## REQUIRED ACTION:
Taking the line with "Hässleholms centrum en" as the first and the line with "plantilla de logotipo" as the last, set down the lines below exactly, pictures excluded.

## AVAILABLE RECORDS:
------------------------

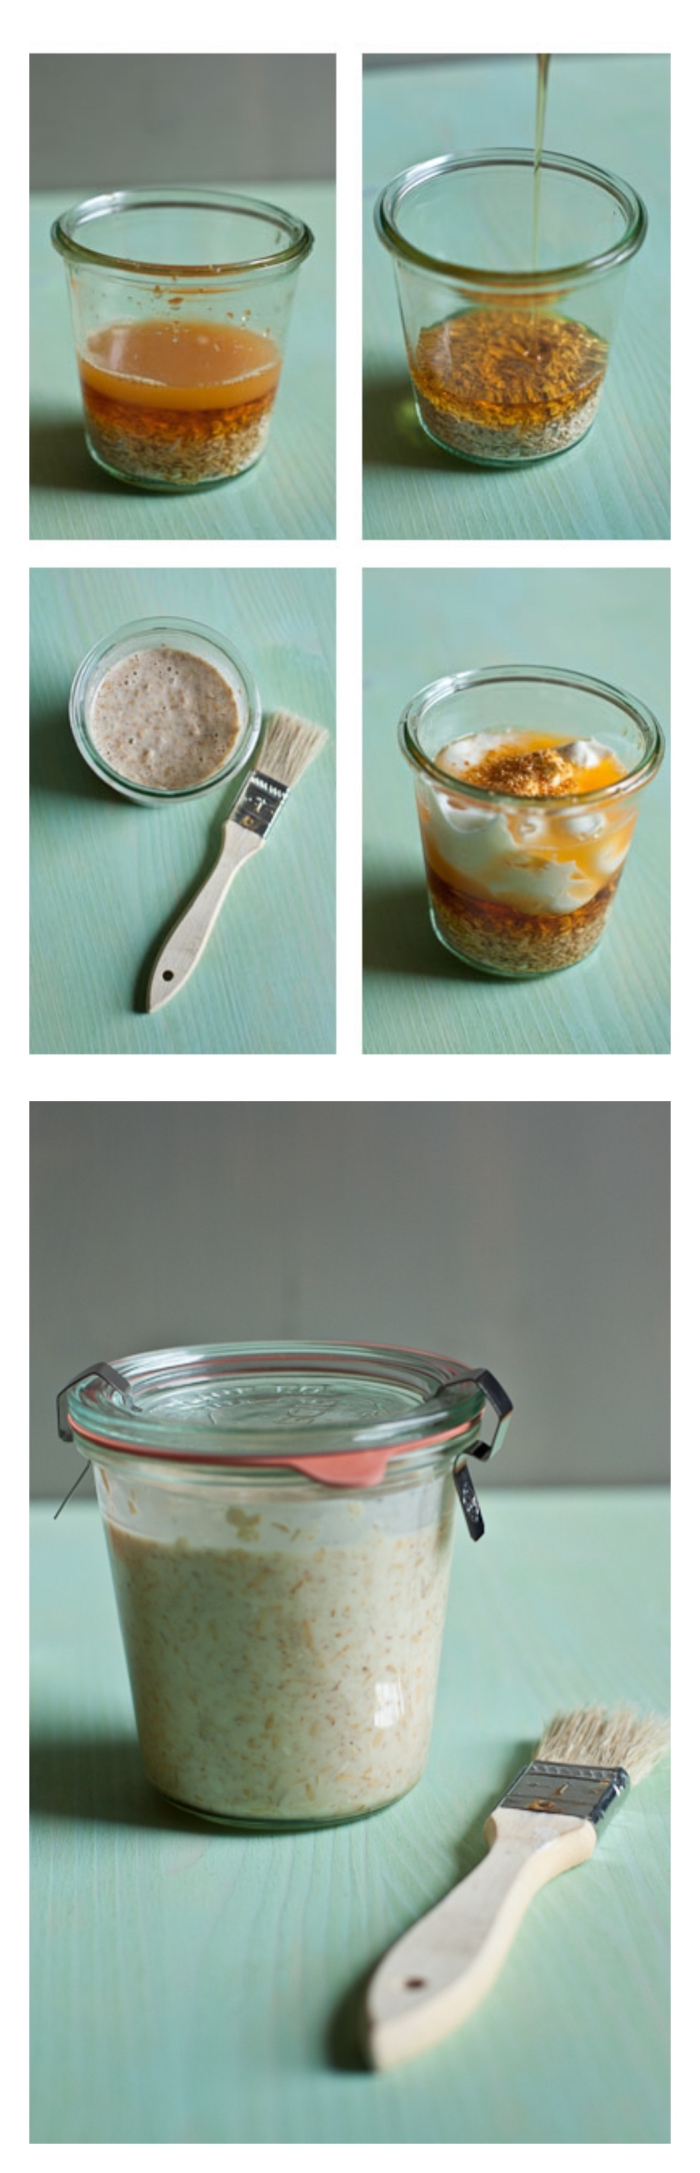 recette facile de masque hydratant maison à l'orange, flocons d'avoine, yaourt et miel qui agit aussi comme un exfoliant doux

------------------------

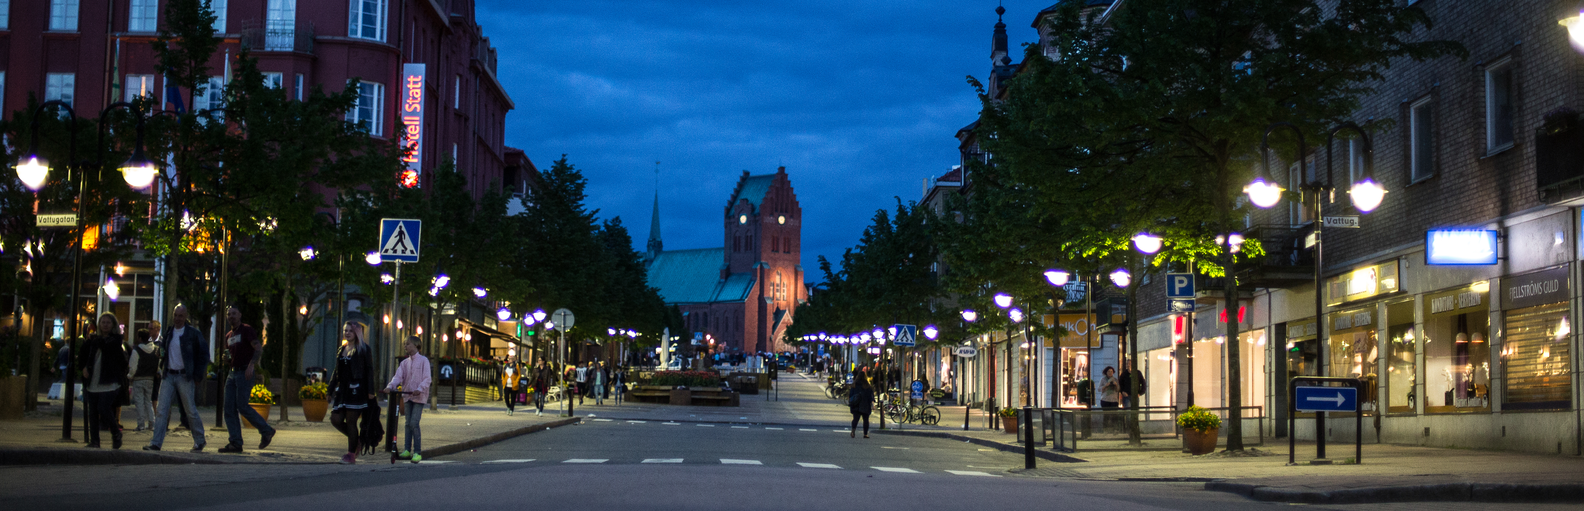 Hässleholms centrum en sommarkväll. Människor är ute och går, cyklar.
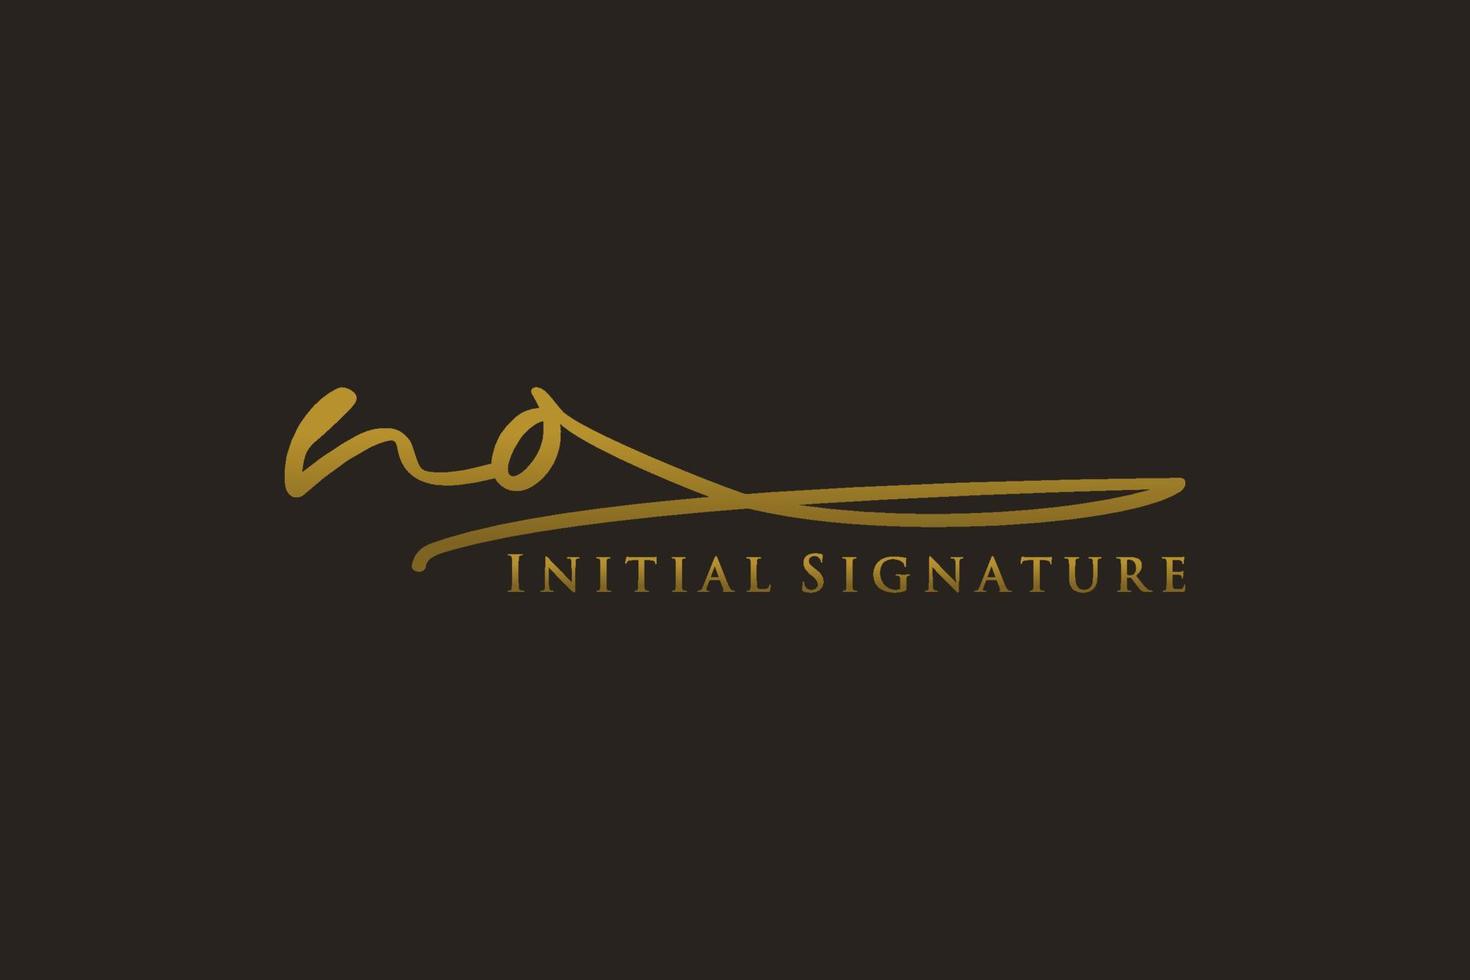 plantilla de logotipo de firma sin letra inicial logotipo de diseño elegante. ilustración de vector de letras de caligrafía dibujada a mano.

------------------------

## RESULT OF THIS TASK:
 Hässleholms centrum en sommarkväll. Människor är ute och går, cyklar.
 plantilla de logotipo de firma sin letra inicial logotipo de diseño elegante. ilustración de vector de letras de caligrafía dibujada a mano.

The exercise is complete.